Erstellt am: 16.12.2012 :  14:04:37 Uhr  Profil anzeigen  Besuche Stathis's Homepage  Antwort mit Zitat
Hallo Spiegelschleifer,

hier mein Vorschlag zum Spiegelrand rundieren bzw. Rillen rausschleifen und glätten per Hand. Die Idee habe ich vom Texereau uns Alois:

Man nehme einen z.B. 0,5 mm dicken Blechstreifen, der mindestens so breit ist wie die Spiegeldicke, gebe etwas Schleifmittel dazu (ich habe es hier mit K80 gemacht, mit K180 wird es sicher noch feiner), benetze das ganze mit etwas Wasser, damit das Schleifmittel kleben bleibt und ziehe den Blechsteifen mit Kraft am Umfang des Spiegelrohlings entlang, immer hin und her:



Bilder ancklicken zum vergrößern

Wenn der Steifen parallel geschnitten ist und man immer darauf achtet, dass er auf der Unterlage aufliegt, wird der Schliff recht genau senkrecht.
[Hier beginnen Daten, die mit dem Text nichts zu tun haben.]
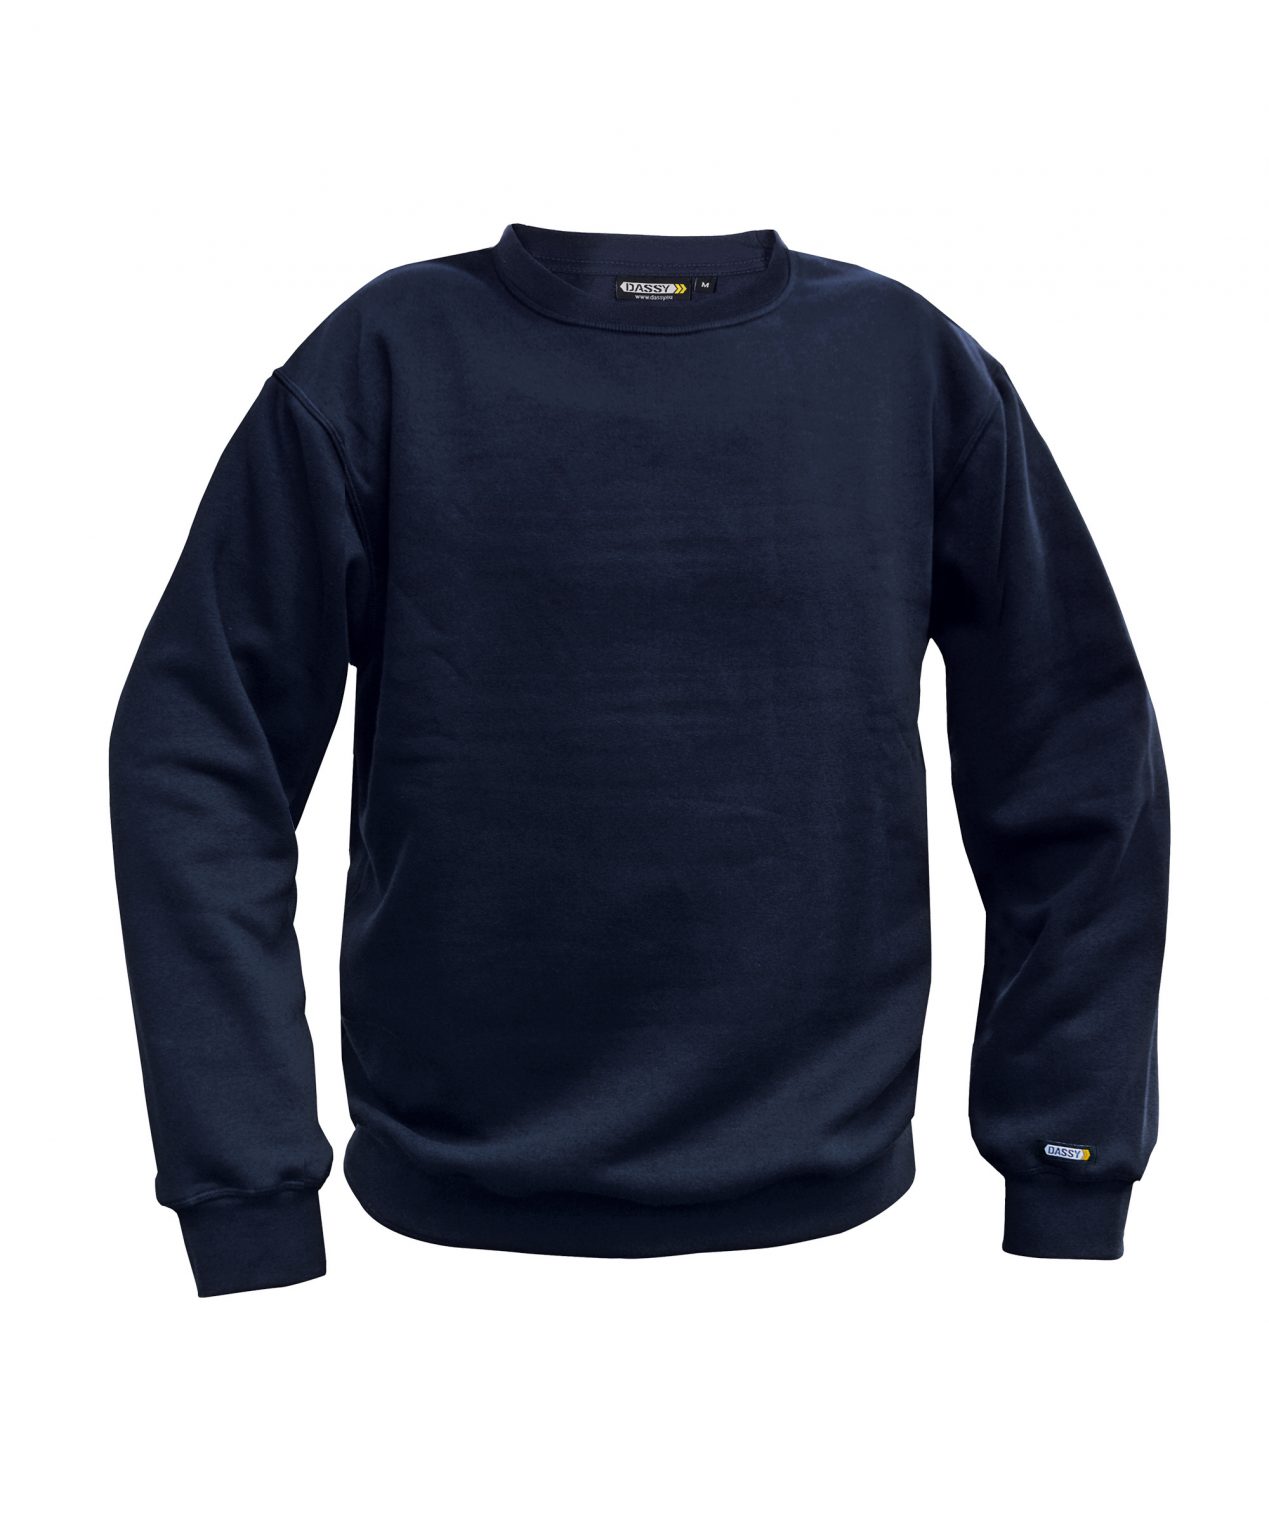 lionel sweatshirt navy front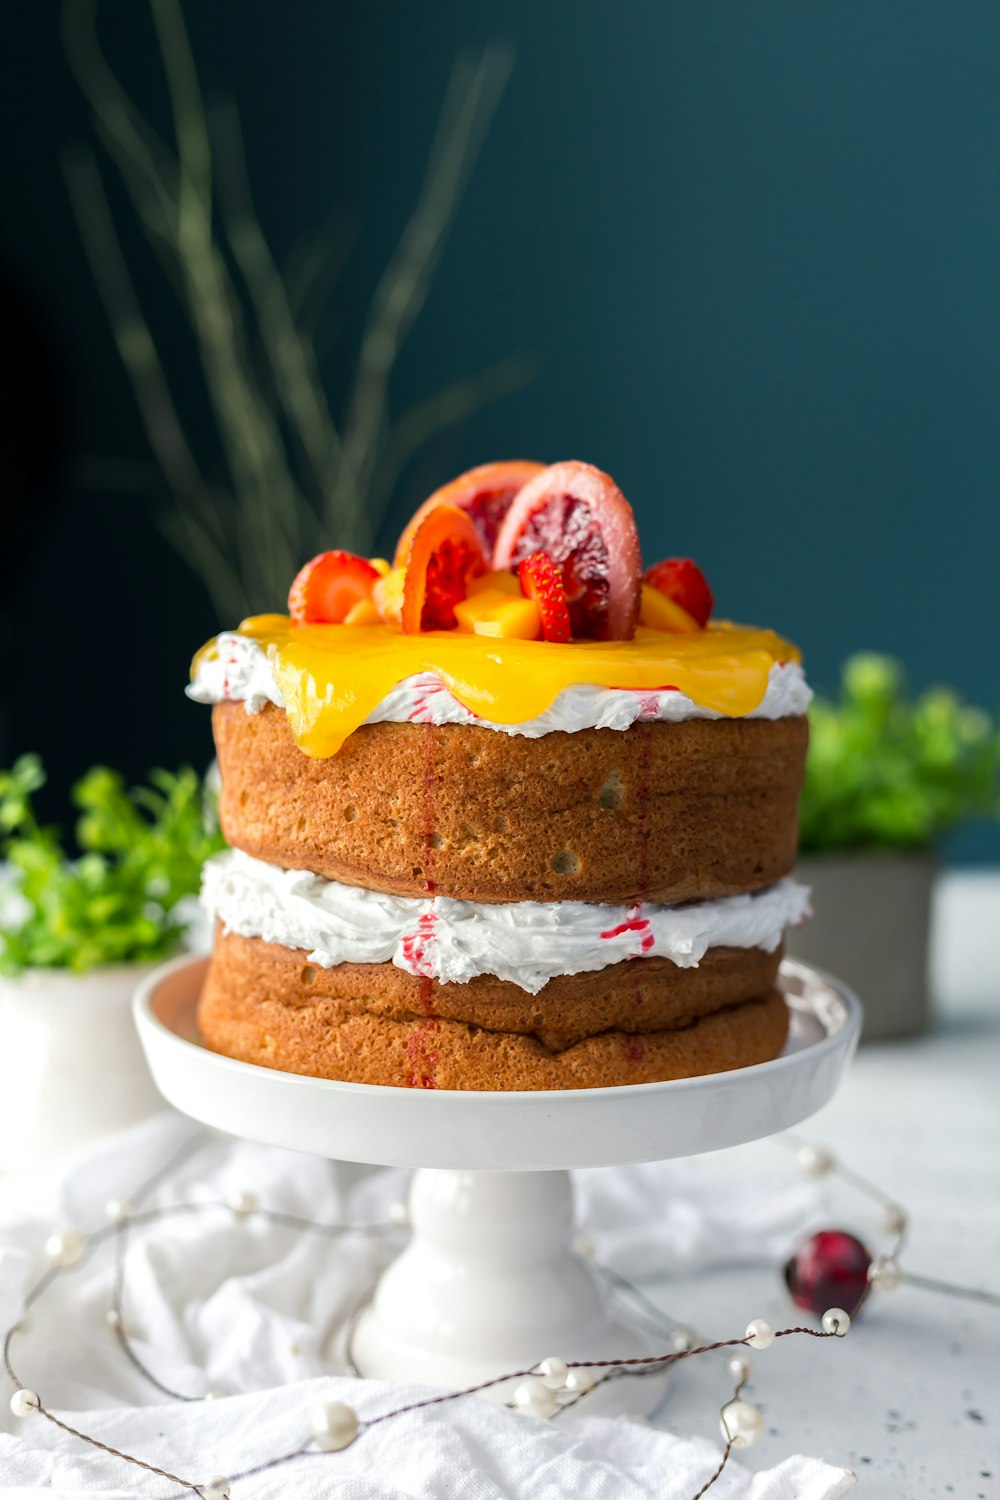 zweistöckiger Kuchen mit Zitrusfrüchten und Erdbeer-Toppings

Da Stahl (oder anderes Metall) auf Glas effektiver schleift als Glas auf Glas und die Kontaktfläche groß ist, geht das recht flott, zumindest wenn der Rohlingrand zuvor nicht gar zu grob geraten war.

Das Ergebnis vorher / nachher:




Meine Ansicht bisher war, dass es einem egal sein kann, wie der Rand eines Spiegels ausschaut, auf eine möglichst genaue Oberfläche kommt es an. Ein rillenfreier genau senkrechter Rand wird aber bei großen ultradünnen Spiegeln für eine reproduzierbare Aufstellung im Testsand wichtig, vor allem wenn man den Testsandasti durch mehrere Messungen bei unterschiedlichen Drehrichtungen kompensieren will.

Auch bei einer späteren radialen Rollenlagerung in der Spiegelzelle kommt es auf einen senkrechten rillenfreien Rand an, wobei man hier stattdessen auch einen kleinen Blechstrefen mit Silikon aufkleben kann, der zudem bei Transportstößen das Glas schützt.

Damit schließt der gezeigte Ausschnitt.